Командир был в походной одежде, перетянутый ремнями, в южных брезентовых сапогах. Под лучами солнца и в ветрах Средней Азии его лицо обрело загар зрелого мужества, волосы утратили свою золотистую нежность, глаза научились глядеть твердо и осмотрительно. Командир только-что закончил летний лагерный сбор и возвращался домой на побывку. Выразительная суровость вещевого довольствия — металлической фляги в суконном чехле, скатанной тесно шинели, сумки патронной, вещевого мешка — уже нарушалась предвестниками домашнего очага — заботливой корзинкой персиков и винограда, деревянной красной лошадкой и букетом раскидистых роз.

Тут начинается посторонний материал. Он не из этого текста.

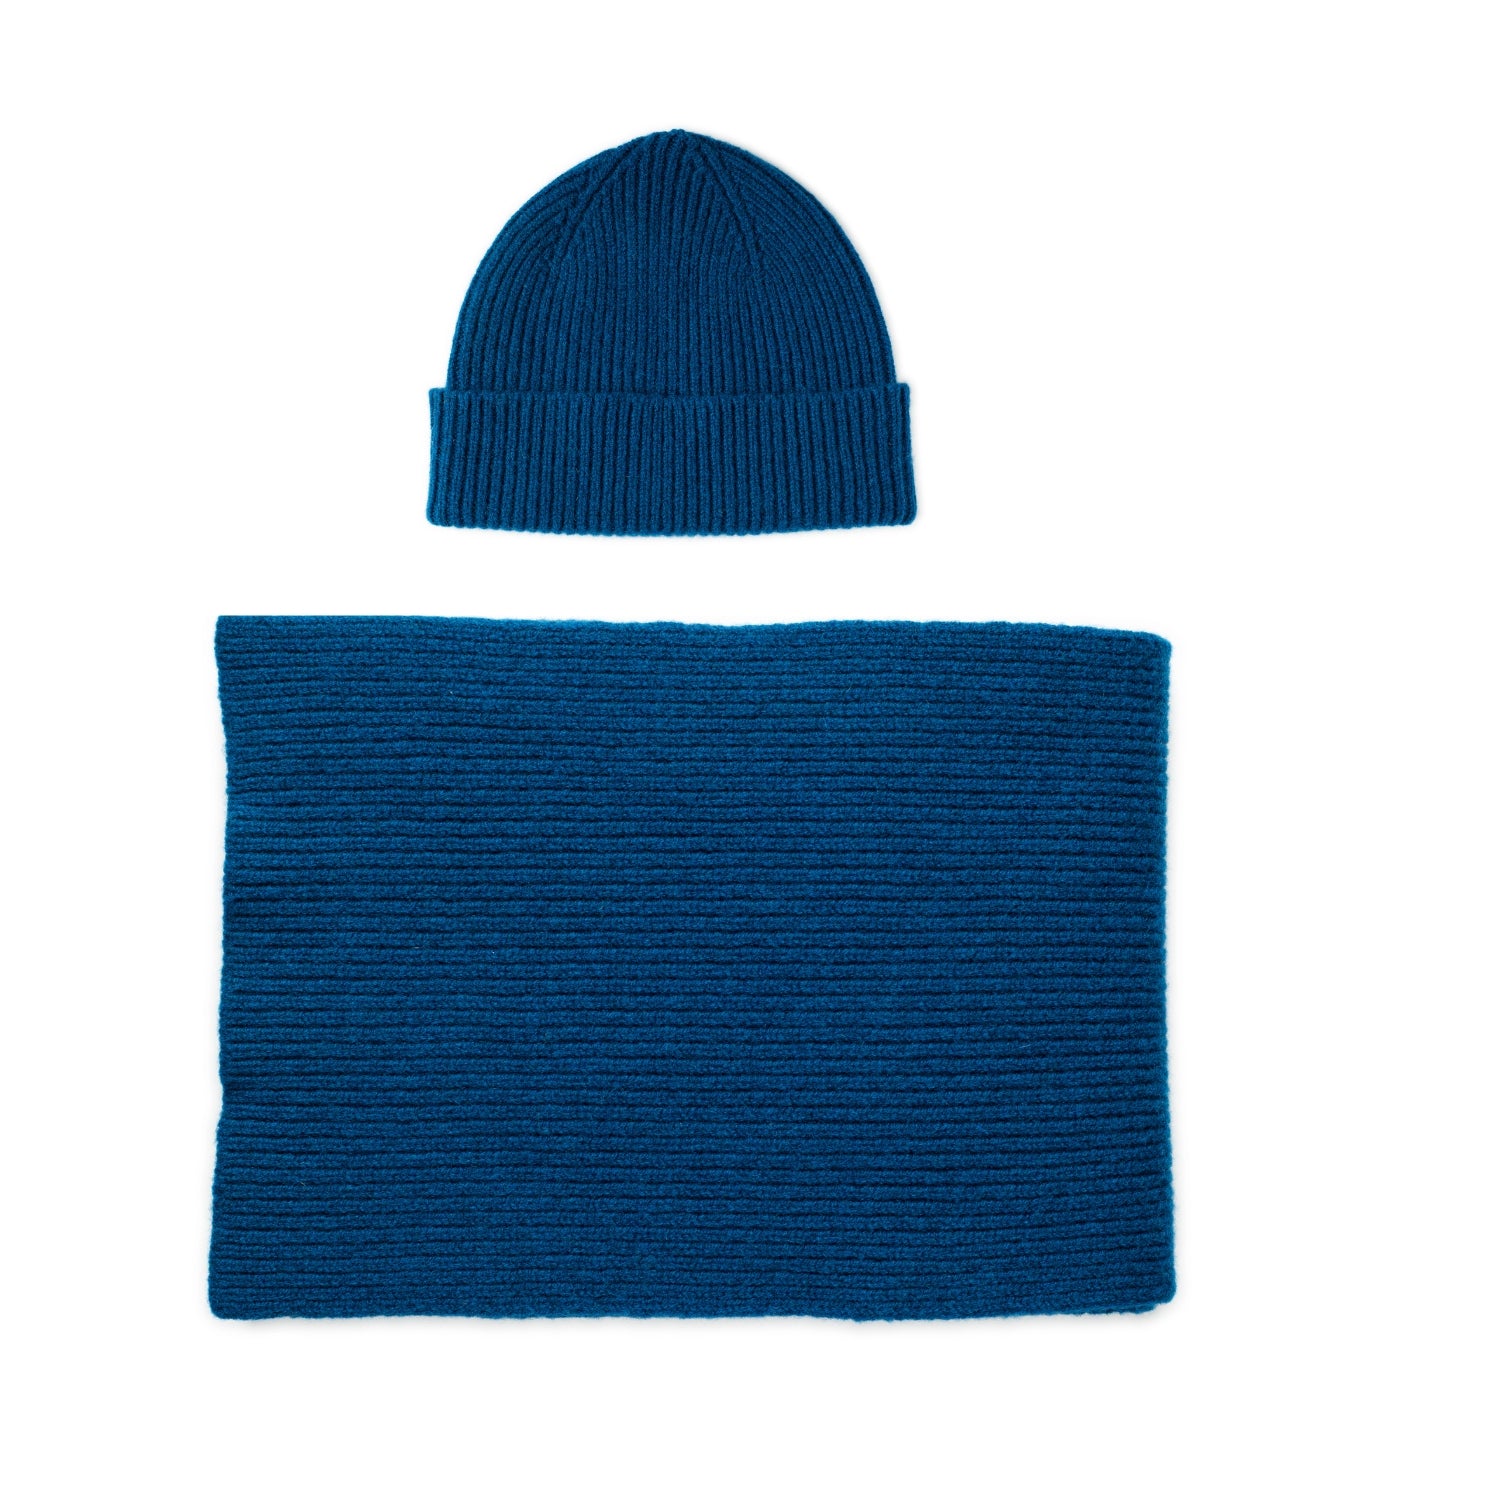 Ocean blue lambswool hat and scarf set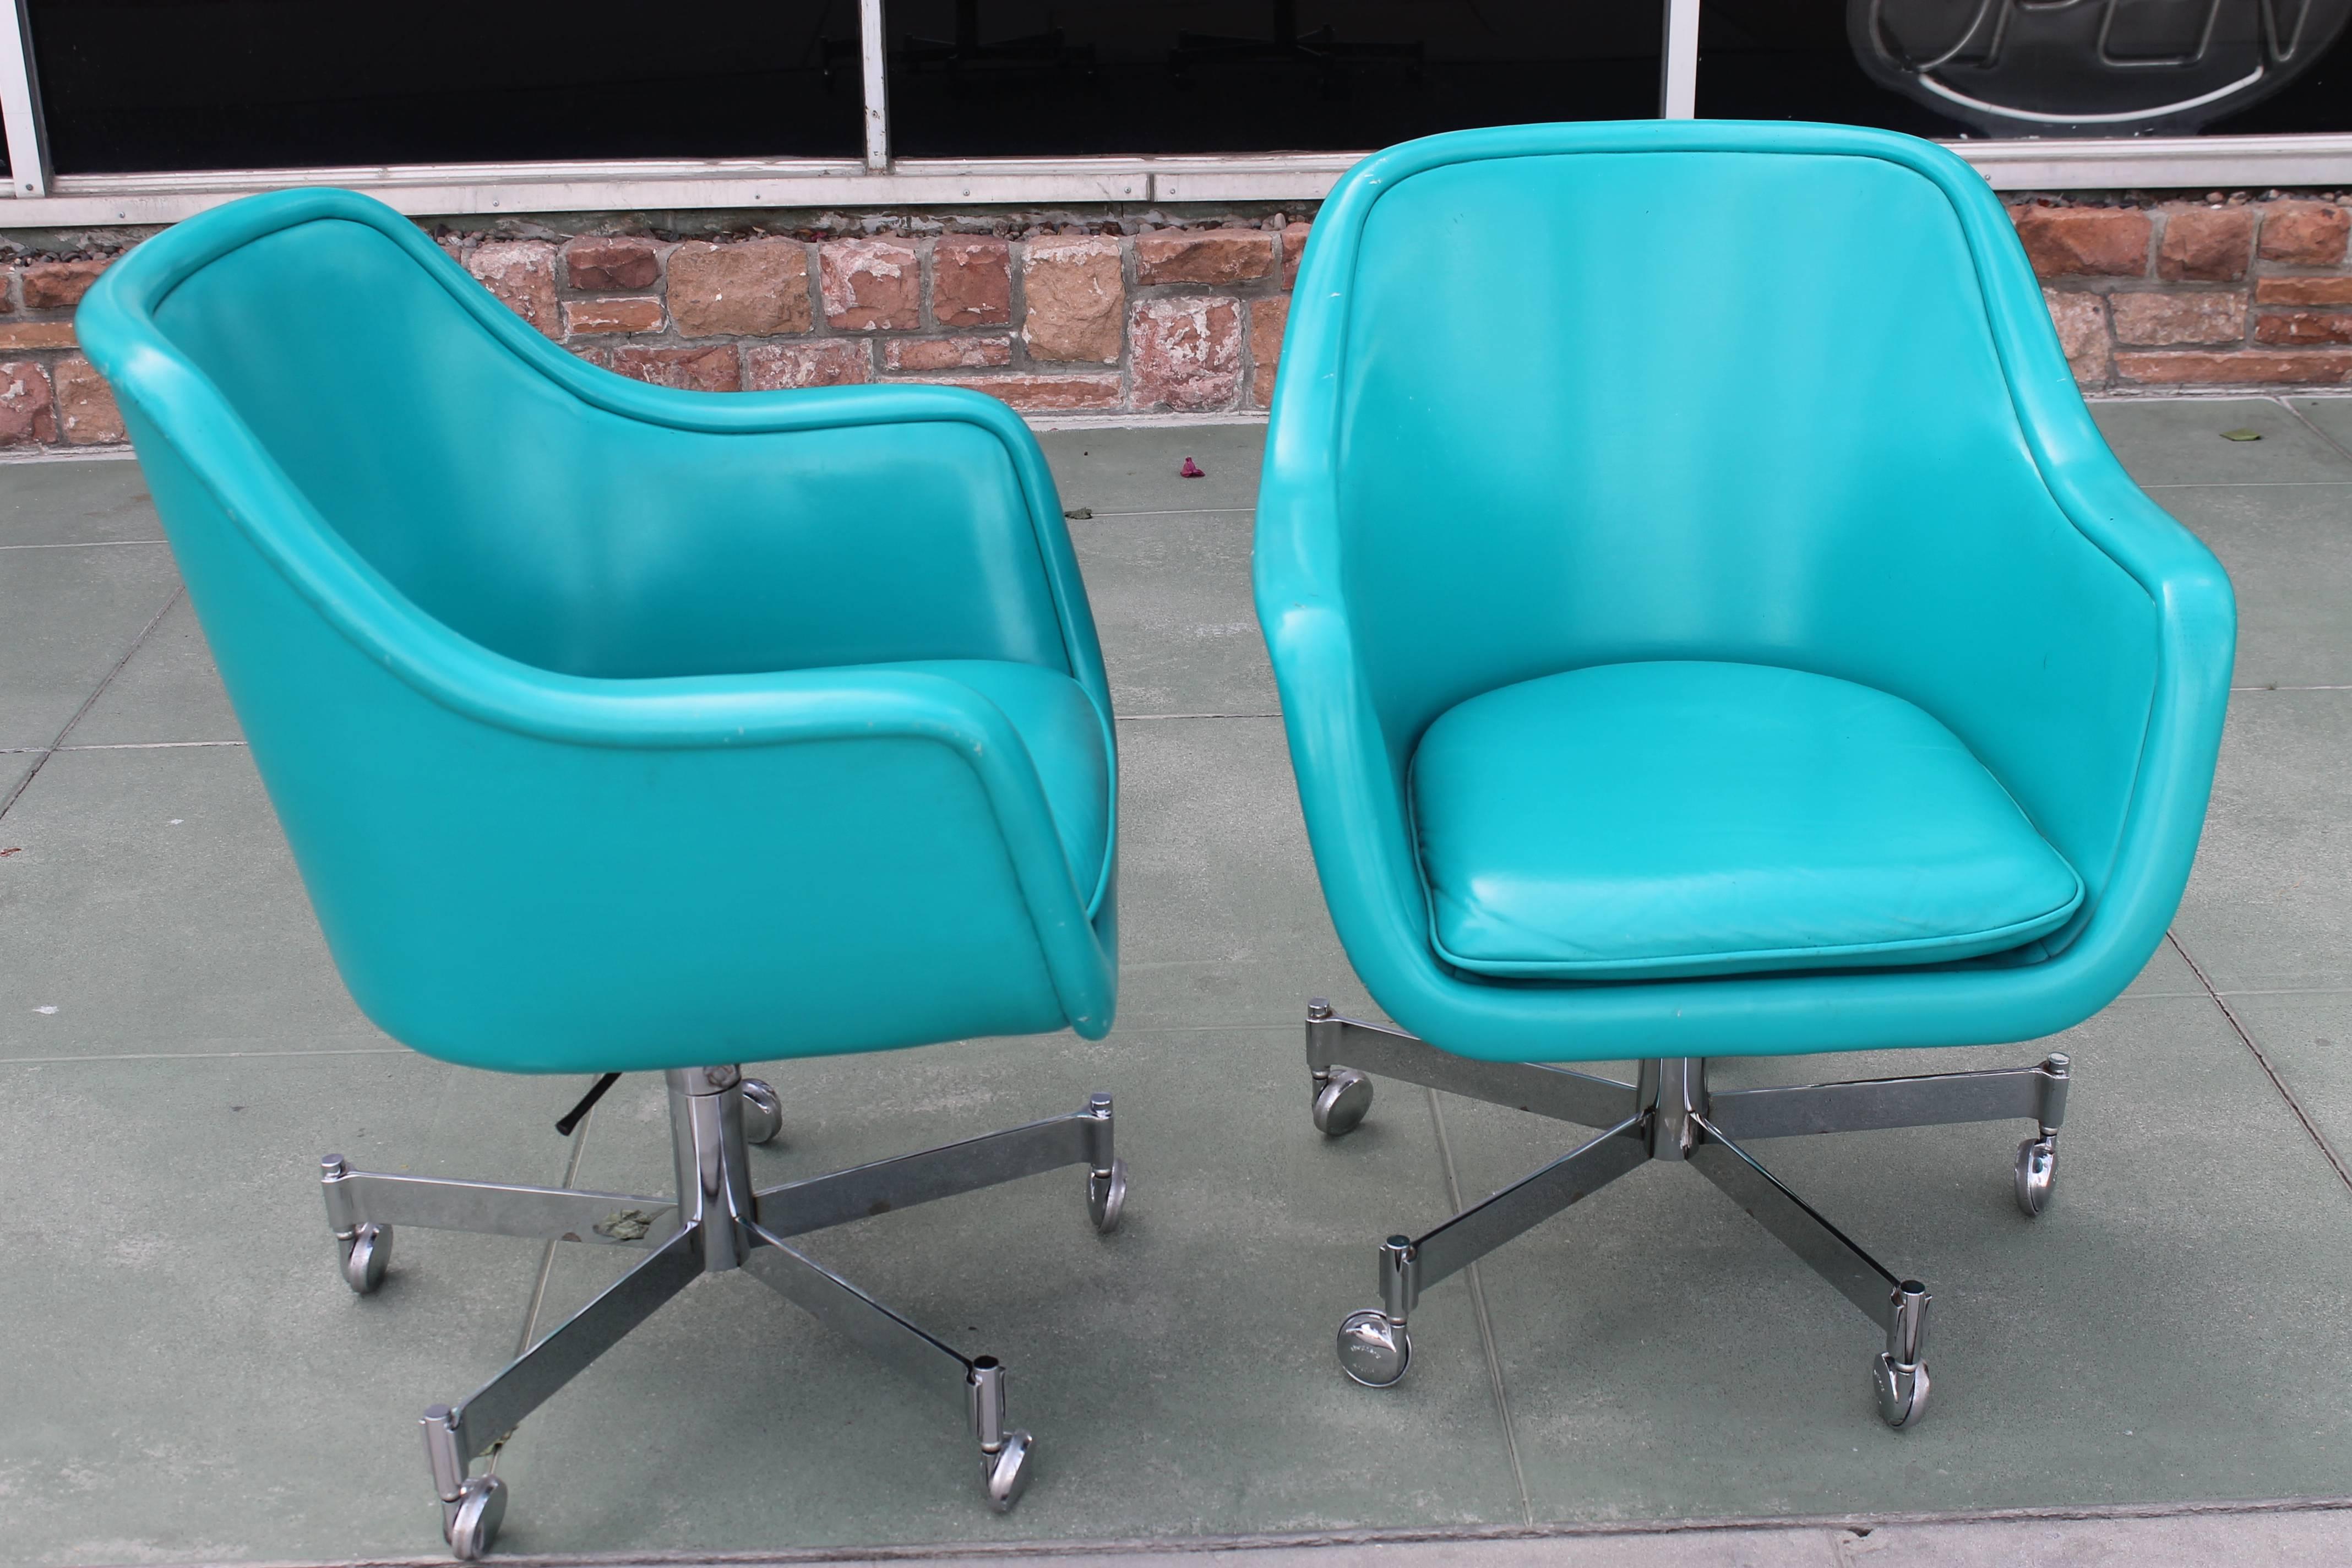 Pair of turquoise office chairs by Ward Bennett for Brickel Associates. Chairs tilt, swivel and are height adjustable. Both chairs show some wear. Extremely comfortable.

Профессор ехал из дому, из Ленинграда, на работу в один из среднеазиатских исследовательских институтов. Он должен был нагнать передовую экспедиционную партию, снаряженную институтом в пески. Профессор был исследователем кабинетного типа, ему редко приходилось бывать в экспедициях, и предстоящий поход вызвал в нем — в чем он признался — не малое беспокойство и неуверенность. Академическая добросовестность заставляла его избегать излишних дорожных бесед, и почти все время нашего совместного пути он был погружен в книги, откуда вычерпывал необходимые сведения, подготовляя себя к экспедиции.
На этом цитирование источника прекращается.